If you’ve followed this blog series, Part 1 and Part 2 talk about DevOps, its relation to the retail ecosystem, and the 4D approach to it. Besides, it also discusses the defined parameters that are required to withstand the continuous and accelerated development releases.

The concluding piece of this series shall talk about the concepts of story management, branching, CICD, and the high-level plan of action post-build. The development and release cycle, processes, the relevant monitoring metrics of what the development and operations teams require in their daily routines shall be integral to this blog.

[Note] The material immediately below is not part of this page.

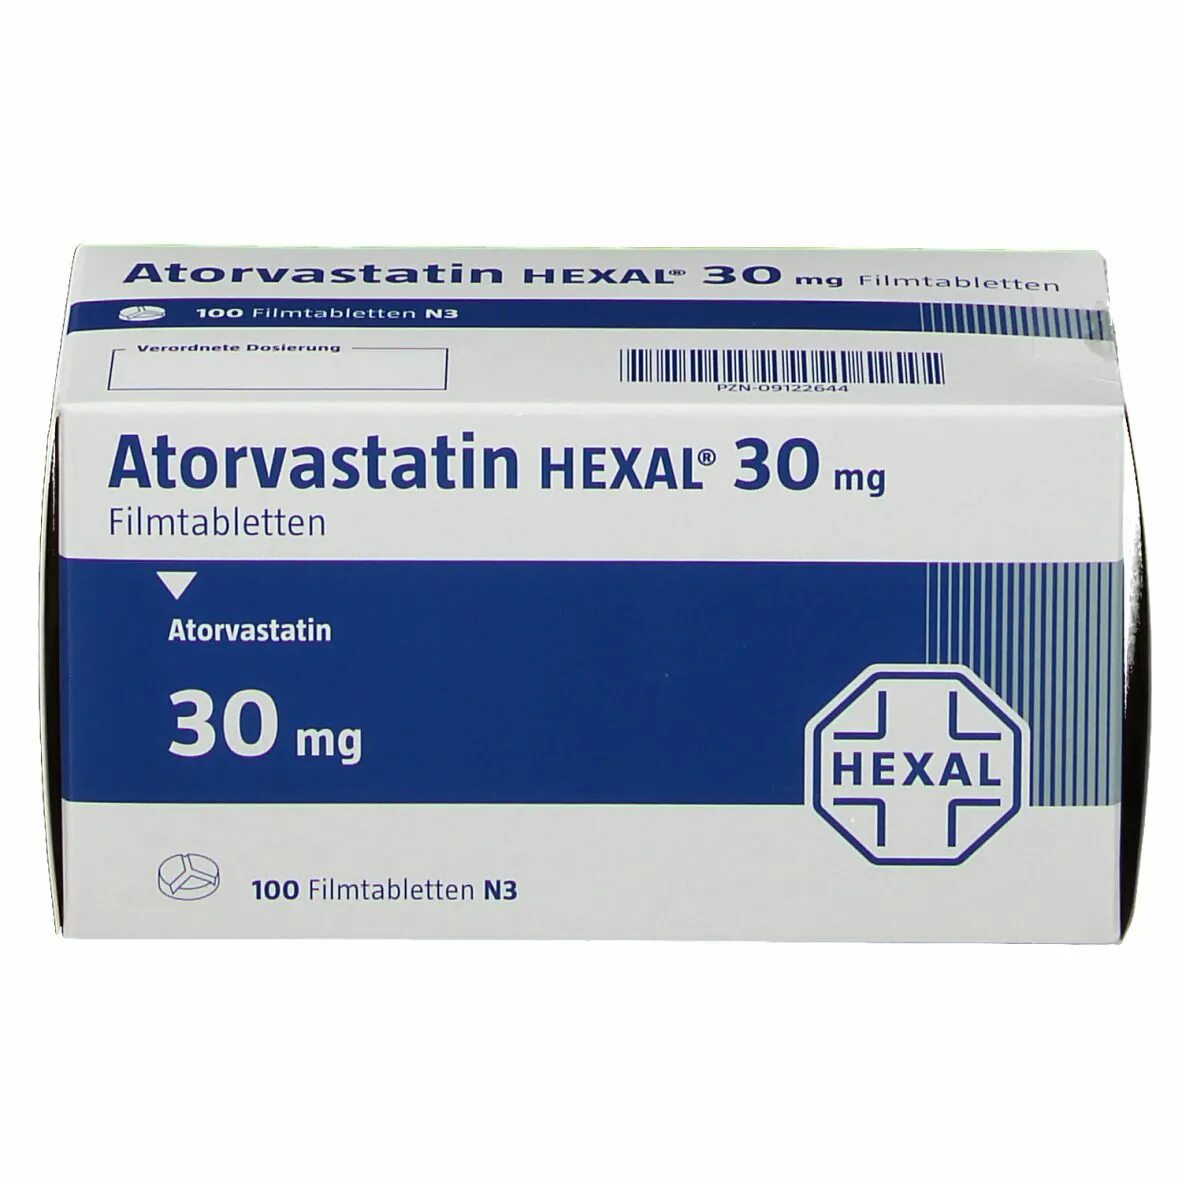 Тамоксифен 20 мг Германия. Тамоксифен Hexal Германия 20мг. Аторвастатин 80 мг,розувастатин 40. Аторвастатин 40 мг.
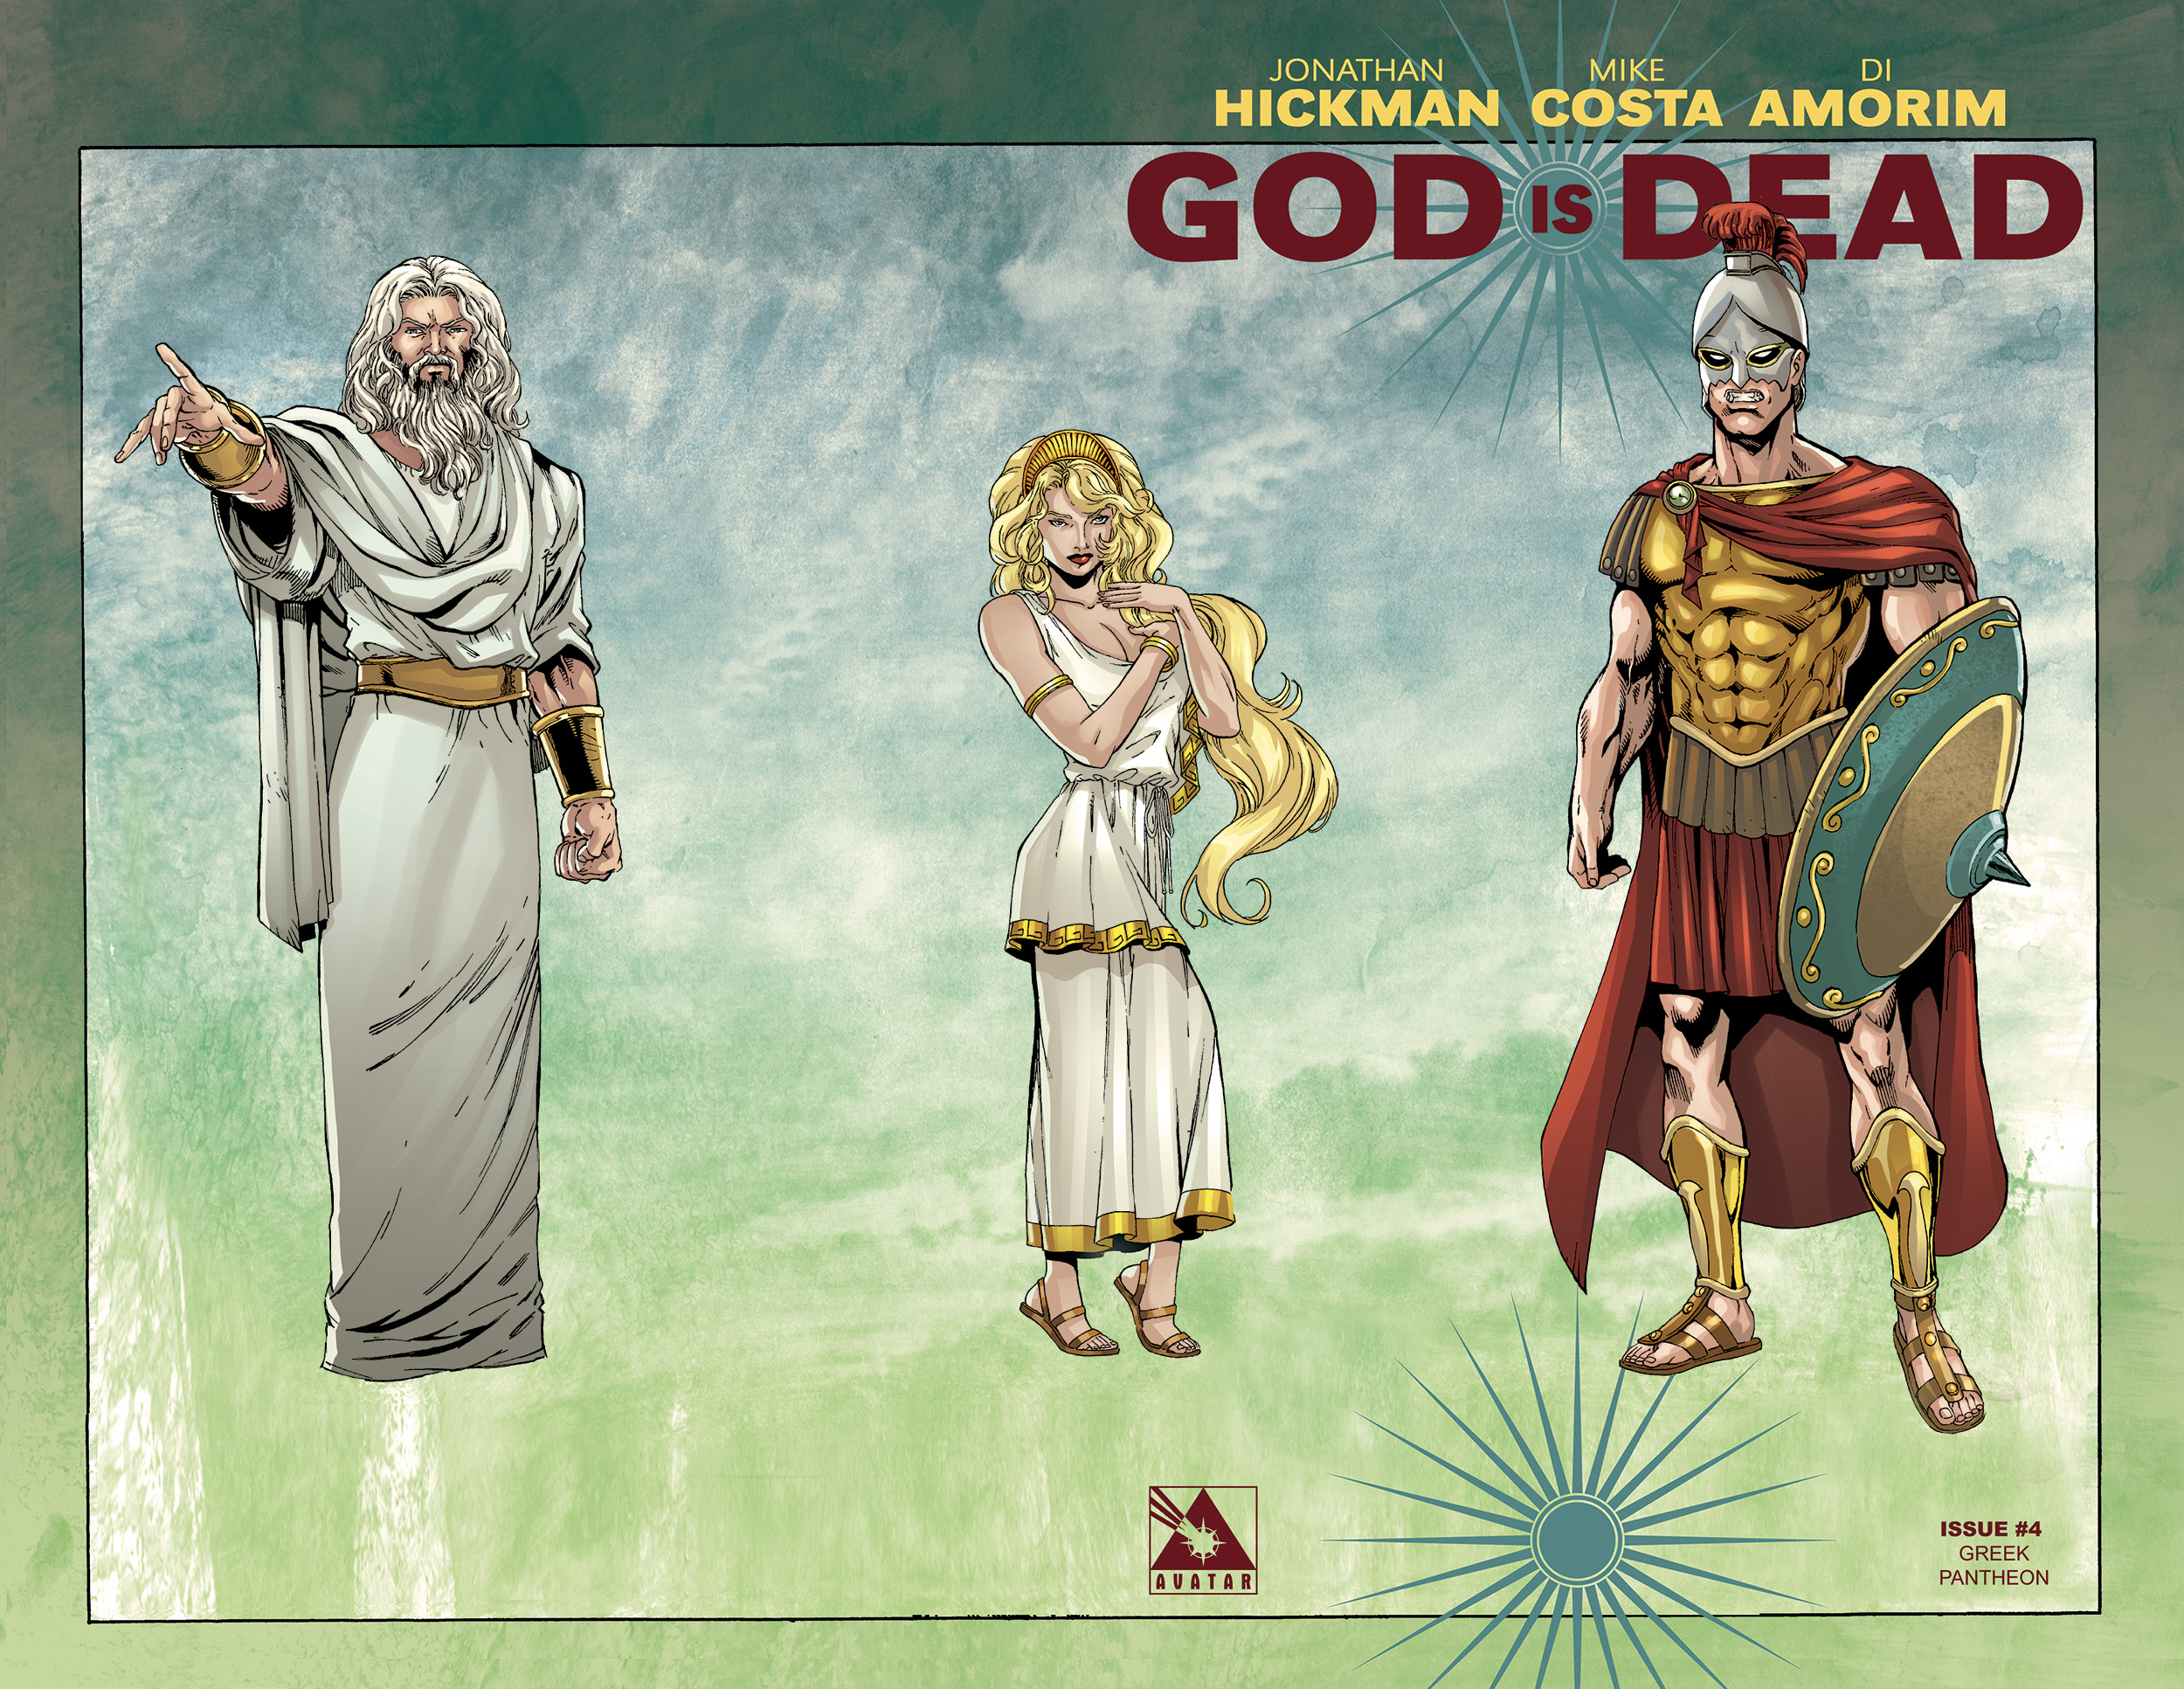 640704 Bild herunterladen comics, god is dead, gott ist tot (comics) - Hintergrundbilder und Bildschirmschoner kostenlos

A good strategy requires a robust process. A good process design ensures that an organization finds faster gap resolution methodologies. Some of the crucial factors are:

  1. Including the business team as stakeholders
  2. The process should aim to complement your team structure and not hinder. For example, feature releases must include application team(s) that can come under the same release cycle or break a feature down to accommodate the team cohesiveness. Having a release in production with the feature but not making it live is an unnecessary effort
  3. Must ensure that QA and Ops team are onboarded from the beginning and not later in the release cycle. The cost of quality and maintenance transition shoots up due to inadequate planning
  4. There are challenges to adopting practices like TDD (Test Driven Development) and BDT (Behavior Driven Testing). But like all other processes, you can tune its adoption to fit into the scheme of things. And proper implementation will bring in recurring benefits
  5. Regression testing is crucial. The quality must align with the criticality of the application. For instance, is the app financial, revenue-generating, healthcare-related, or a human resource procedure? In each of these cases, there would be different levels of risk with limited availability of regression testing
  6. Maximum automation is necessary but observing mindfulness is essential. Thus, automation should only happen in areas that have a business requirement
  7. There should be a continuous improvement that involves a thorough analysis of the deliverables. A synthetic script or fake user can simulate near production and find the issues before the go-live happens
  8. Define clear monitoring metrics as part of your adoption process and find the right KPI to tail

A few aspects within the development that accelerate the success of adopting DevOps include

  1. Efficient story management
    1. Common sprint board to centralize feature releases for development
    2. Each feature into multiple tickets for each sub-team (eComm, mComm, Integration, etc.)
    3. Break each new feature for the smallest development period for a faster release cycle
    4. Plan for dependent and sequential features
    5. Discuss features, not tickets in scrums
    6. Have Scrum of Scrums
  2. Code and test script branching
    1. Maintain a stable branch of code with no developer accesses
    2. Source code for each application can be separate. But the branching strategy should be general and common for all feature/application teams
    3. Each feature in sprint has a new short-lived branch for each application that requires a change
  3. CI/CD
    1. All commits, inclusive of merges, to any of the pre-prod branches should trigger CI/CD pipeline (i.e., build, test, deploy and test)
    2. The deployment can happen for each of the application’s environments
    3. All build and deployment must be automated (using a variety of tools based on the existing skillset and convenience)
  4. Post-build process – Have CI/CD pipeline also run the following
    1. Unit tests
    2. Static code analysis
    3. Automated regression tests
    4. Automated performance tests
    5. Automated security analysis

A sample recommended branching that we propose can look like this 



The success of DevOps depends on choosing the right KPI. Taking a cue from the same, we can classify DevOps metrics into five categories. Among those five there are some indispensable KPIs. The proper capturing of these metrics can accurately represent the DevOps performance along with the corrective actions. It should align with the Unified Commerce approach of analyzing your deliverable and putting it back in the system with course correction for an intuitive learning-enabled journey.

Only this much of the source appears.